Дальше описываются приключения и злоключения этого самого Метуса, про которого собственная мать-старушка коротко и справедливо говорит постоянно одно: «дурак». Тратя свои силы, натурально, на что попало, ведя себя по отношению к окружающим как полный придурок (говоря по-нынешнему), обманывая женщин, и сам будучи многажды обманут, «мутя» темные делишки с восточным человеком Рафаилом, Васька в конце концов получает полтора года колонии и отбывает в места не столь отдаленные. Остается в их избушке одна мать. Кончается короткий рассказ так.

«Ваське дали полтора года, и никто не знает, что он будет делать, когда вернется. Начнет, наверное, с того, что опять подженится.
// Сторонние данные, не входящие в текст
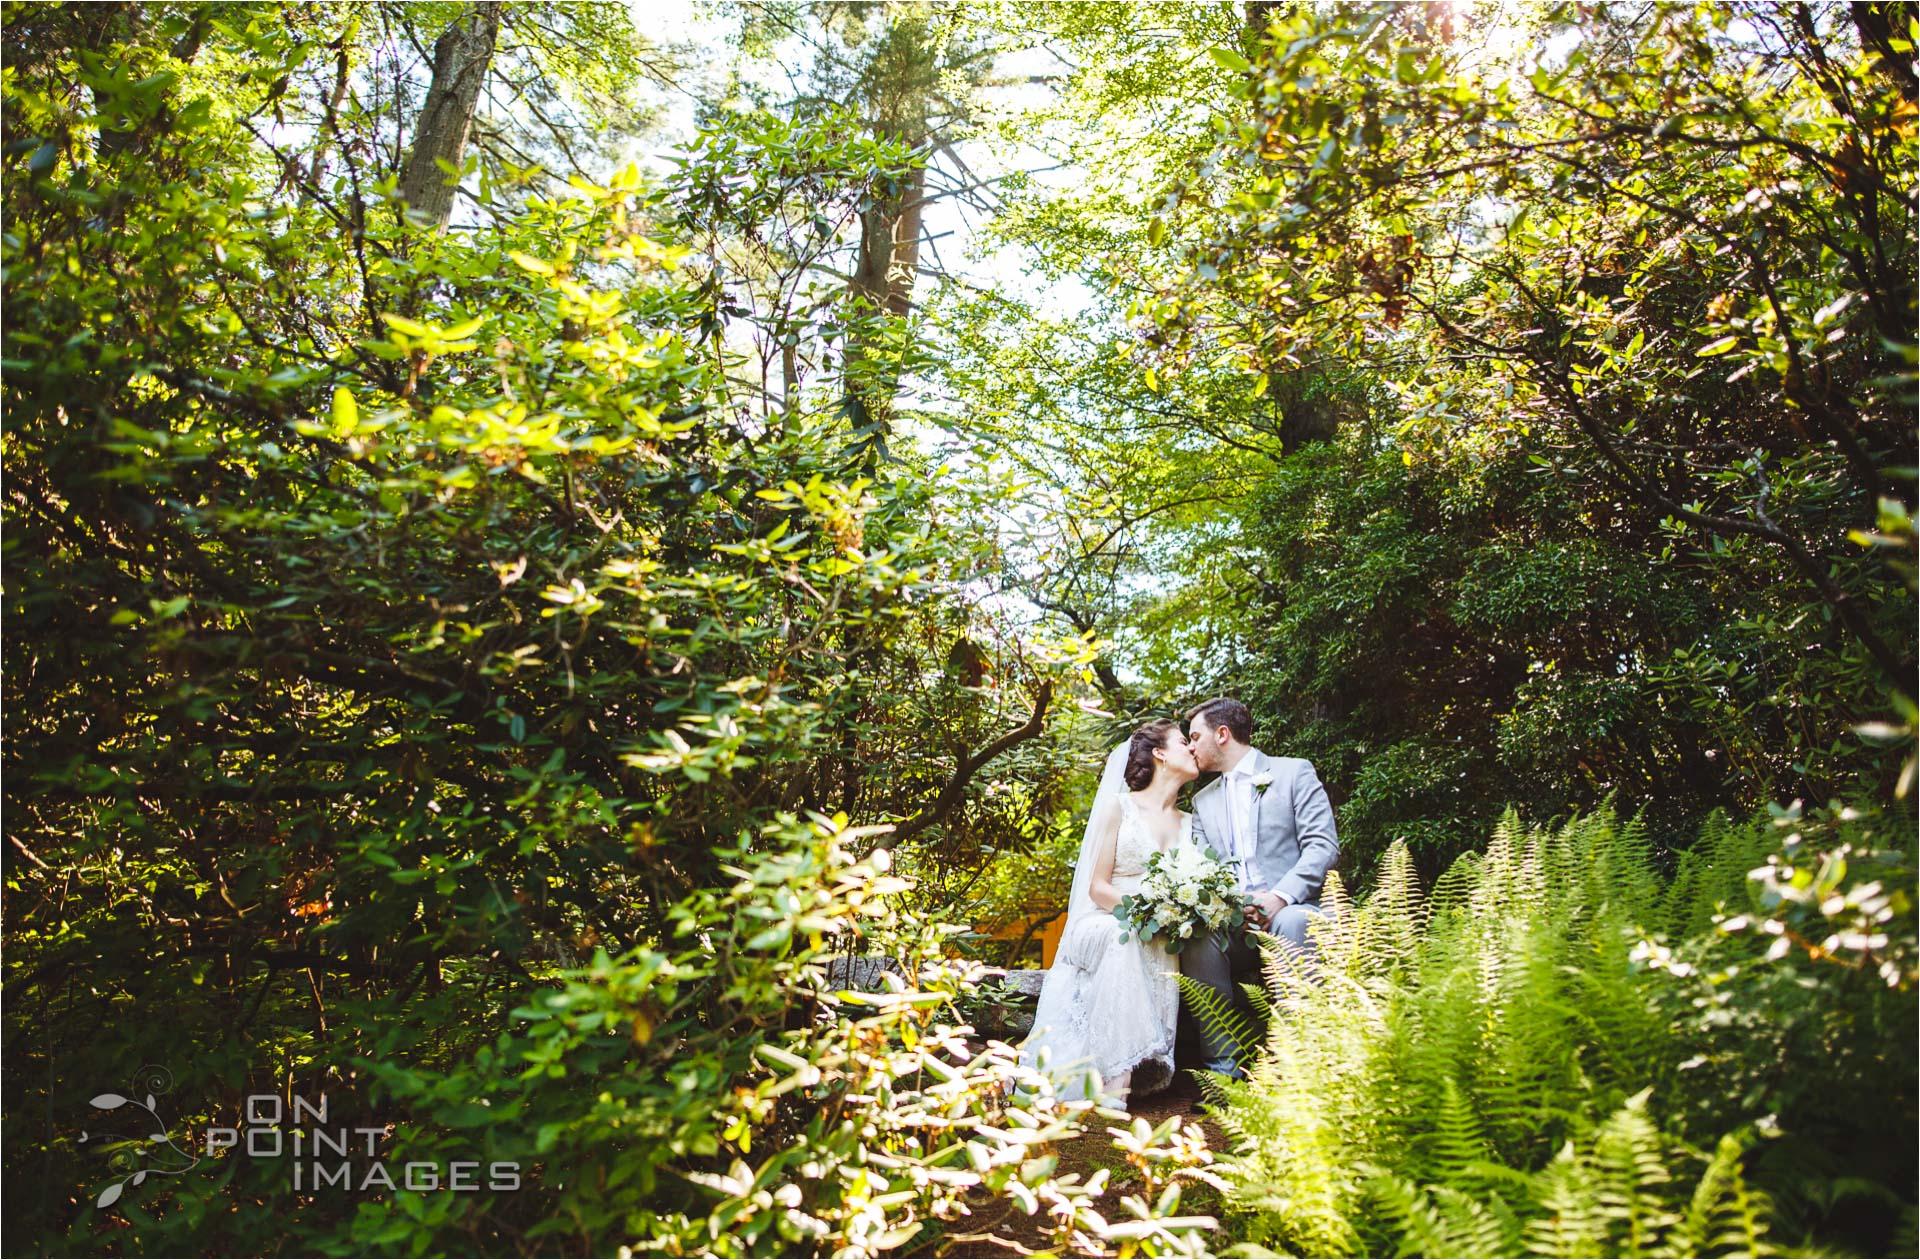 wickham-park-wedding-photographer-ct-01.jpg

А сейчас – он никому не нужен. Так, по-видимому? Кому он нужен? Жены нет. Рафаил уехал. Так, по-видимому?

Нет, не так.

Ибо старушка мама Макарина Савельевна молча и упорно дожидается своего дурака, которого она родила, растила, купала в корыте, где он говорил «гули-гули», нянчила, покупала ему букварь и стегала ремнем за двойки из школы...

Дожидается, питаясь картошкой, солеными огурцами, свеклой, капустой, грибами – словом, всем тем, за что не нужно платить ни копейки денег и что бесплатно растет у хозяев на родной земле».

Последнюю фразу можно считать ключевой. Родная земля – она такая, много чего растет на ней, и доброго, и дурацкого, и полезные овощи, и сорняки. И вот – вырос Васька. Он – такой же, как эта земля, эта страна, деятельный, сильный (вечно с какими-то прожектами), но бестолковый и беспутный. Мы не видим ни слова авторского осуждения. Автор не критикует – автор сожалеет. Жалко и фольклорную мать-старушку. Жалко и бабенок, брошенных Васькой. Жалко и самого Ваську. Но мы не сомневаемся, что точно так же, как он буянил, он мог бы совершать подвиги или делать открытия. А может еще и сделает чего-то такое, хорошее… Сибиряк же! И еще, важное: он по-прежнему нужен. Своей матери. Своей родине, в конце концов.

Понятно, почему эти рассказы в то время произвели такой эффект. И почему мимо них не прошел Василий Шукшин.